Families testify at Hays State Prison hearing

Friday, April 11, 2014

photo Natasha Weatherspoon-Chaney, left, hugs Yolanda Jackson as they testify Thursday at the Georgia State Capitol during a hearing about violence in the state's prisons. Jackson's son, Pippa Hall-Jackson, was stabbed to death by another prisoner in February 2013.

ATLANTA - At the first legislative hearing to tackle the spike in violence in Georgia prisons, two state senators called on corrections officials to answer for how prisoners in many cases were able to predict their own deaths.

"This is long overdue," said Sen. Nan Orrock, D-Atlanta."We need to move heaven and earth to address this."

Since 2010, 32 prisoners and one officer have been killed by prisoners in the custody of the Georgia Department of Corrections. In 2012 alone, Georgia had more homicides in its state prisons than several states had in the last 10 years.

Four of those slain prisoners in late 2012 and early 2013 were at Hays State Prison in Trion, Ga., where audits revealed many of the cell door locks hadn't worked in years.

Members of five families were called to testify at the Thursday hearing in the Georgia State Capitol held jointly by the Southern Center for Human Rights and Sen. Vincent Fort, D-Atlanta. About 70 people crammed into the room, but no one from the corrections department attended. Nor did any invited North Georgia legislators.

Department spokeswoman Gwendolyn Hogan said in an email that it was the officials' understanding that there will be a follow-up hearing to address concerns.

Before taking further action, Fort said, he will ask the corrections department to answer questions raised at the hearing.

"This has become an issue of great public concern," he said after the hearing. "I think [corrections officials] ought to communicate on some of these issues."

Among those who spoke was Lysander Turner, who held up a picture of his 27-year-old nephew Damion MacClain. MacClain, a convicted armed robber, was beaten to death and left to die in his bed on Dec. 26, 2012.

Turner, a former Angola State Prison corrections officer, spoke for his sister, RoHonda, who died in February after she tried for a year to get answers about how and why her son died.

Before Damion MacClain died, he told his mother "he wouldn't make it out alive," Turner said.

Yolanda Jackson told a similar story of her 19-year-old son, Pippa Hall-Jackson, who had been in the prison system's custody only two months before he was stabbed in the heart after stepping off a transfer bus from Hays State.

Fort read a portion of a letter Hall-Jackson wrote to his aunt a week before he died.

"I don't think I'm going to make it down here, honestly," Fort read. "I want you all to keep in touch because you never know what tomorrow has in store."

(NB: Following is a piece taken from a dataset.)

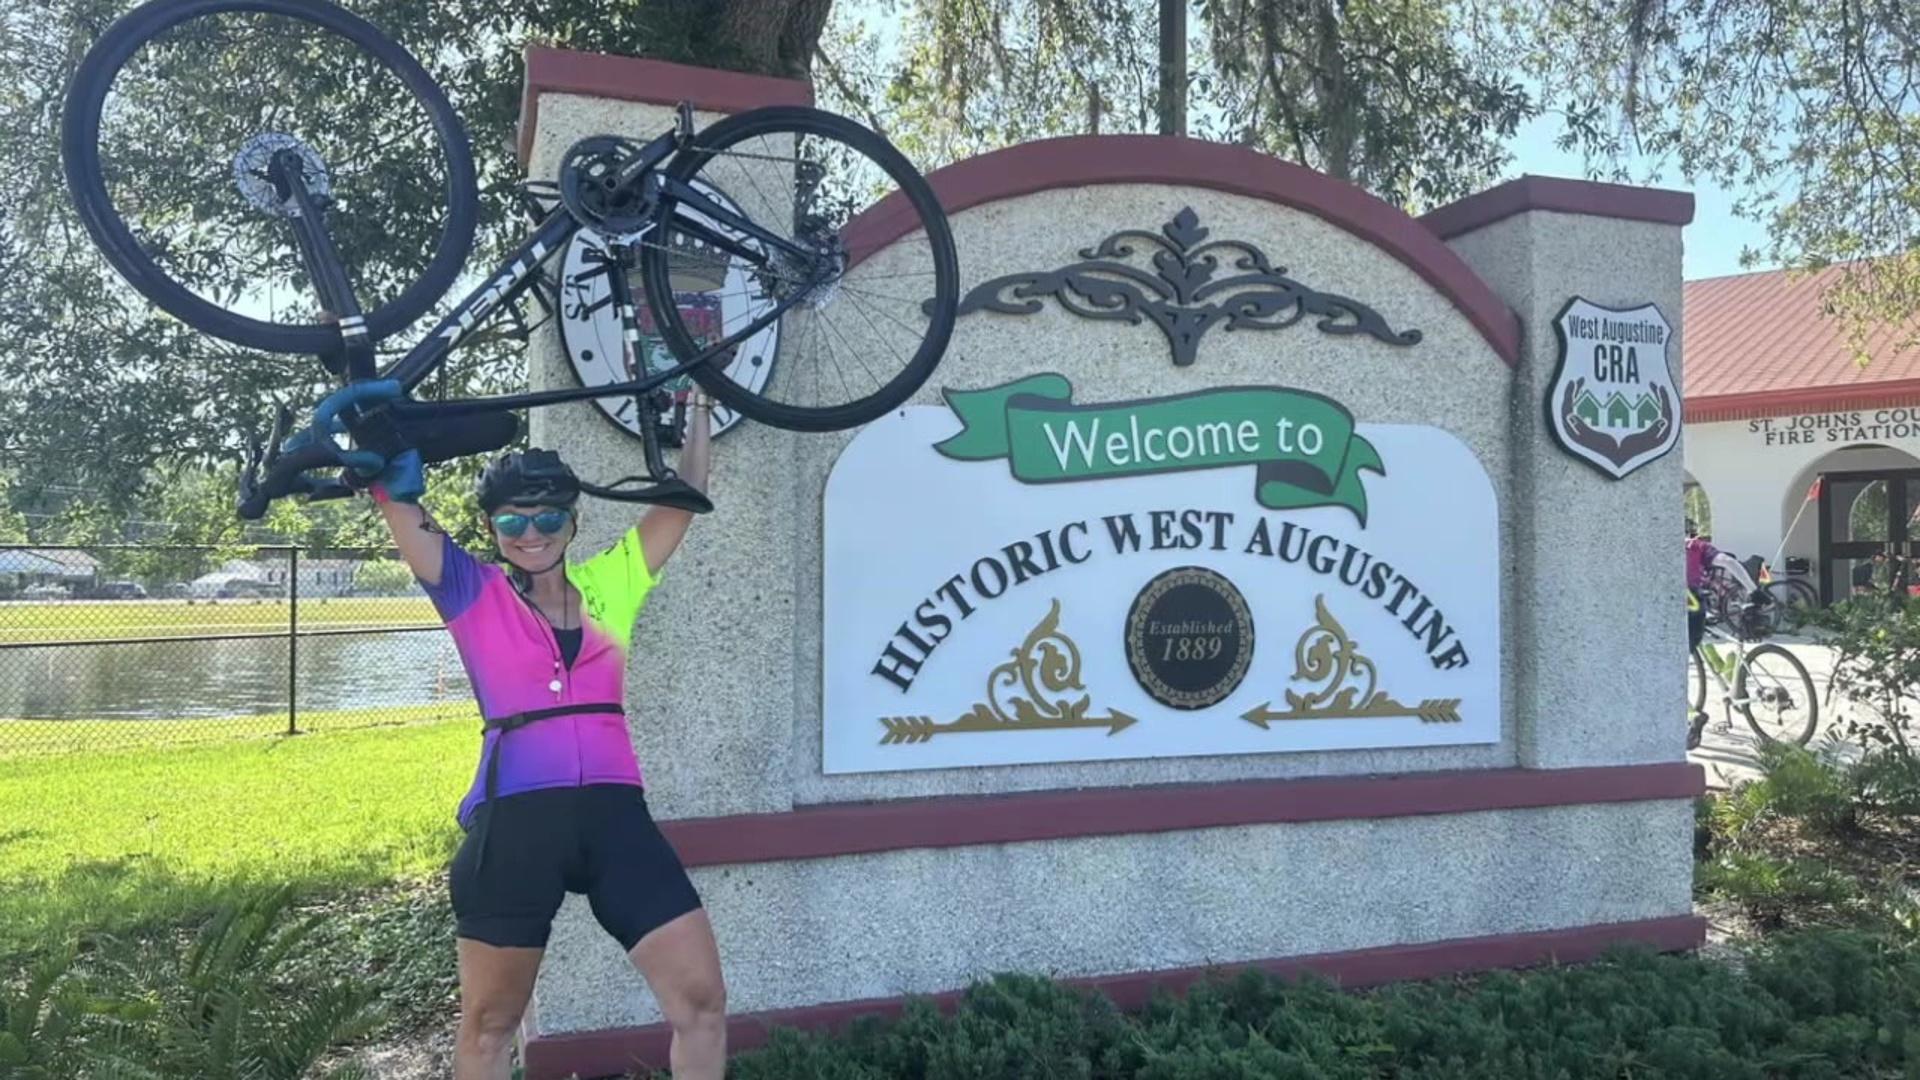 A former Sullivan County commissioner just finished a 60-day bike ride across the country, but the trip was about more than just the sights.

Sarah Geraghty, a senior attorney for the prison advocacy center based in Atlanta, told senators that the center has requested multiple times that corrections officials take immediate steps to address the violence.

"Too many people have died in the Department of Corrections," she said. "The message that this communicates is that these are lives we value less than other lives, and that is totally incorrect."

In February 2012, attorneys sent a letter to Corrections Commissioner Brian Owens calling for action because of the spike in violence. The letter also warned that special measures should be taken at Hays because of the high number of assaults -- that was 10 months before the first in a series of five killings of Hays State inmates.

In a second letter sent in January 2013, attorneys called for an outside auditor to inspect Hays and other facilities because of increasing reports of out-of-control violence and corruption.

Corrections officials never responded, Geraghty told the senators.

"This is an egregious situation," Orrock said.

The Southern Center for Human Rights is suing the Georgia Department of Corrections over Damion MacClain's death. Turner will represent his sister, RoHonda.

One by one the families told similar stories in which their sons or nephews had been in fear for their lives, but said the corrections department didn't appear to do anything to protect them from the violence.

The last story got the attention of everyone in the room.

James Jackson said family members were told that his nephew, Detravia Bryant, had committed suicide at Ware State Prison. But when the funeral home received the body, officials called the family to come and take pictures because his body was bruised and it appeared he had been strangled.

A year later and after a second autopsy, Jackson said, the family hasn't even received a cause of death.

"That disturbs me," Fort said. "I'm trying to be objective here, but that disturbs me."

After the hearing, several family members said they're hopeful the hearing will lead to the corrections department being held accountable.

"I believe something will come of this," Turner said.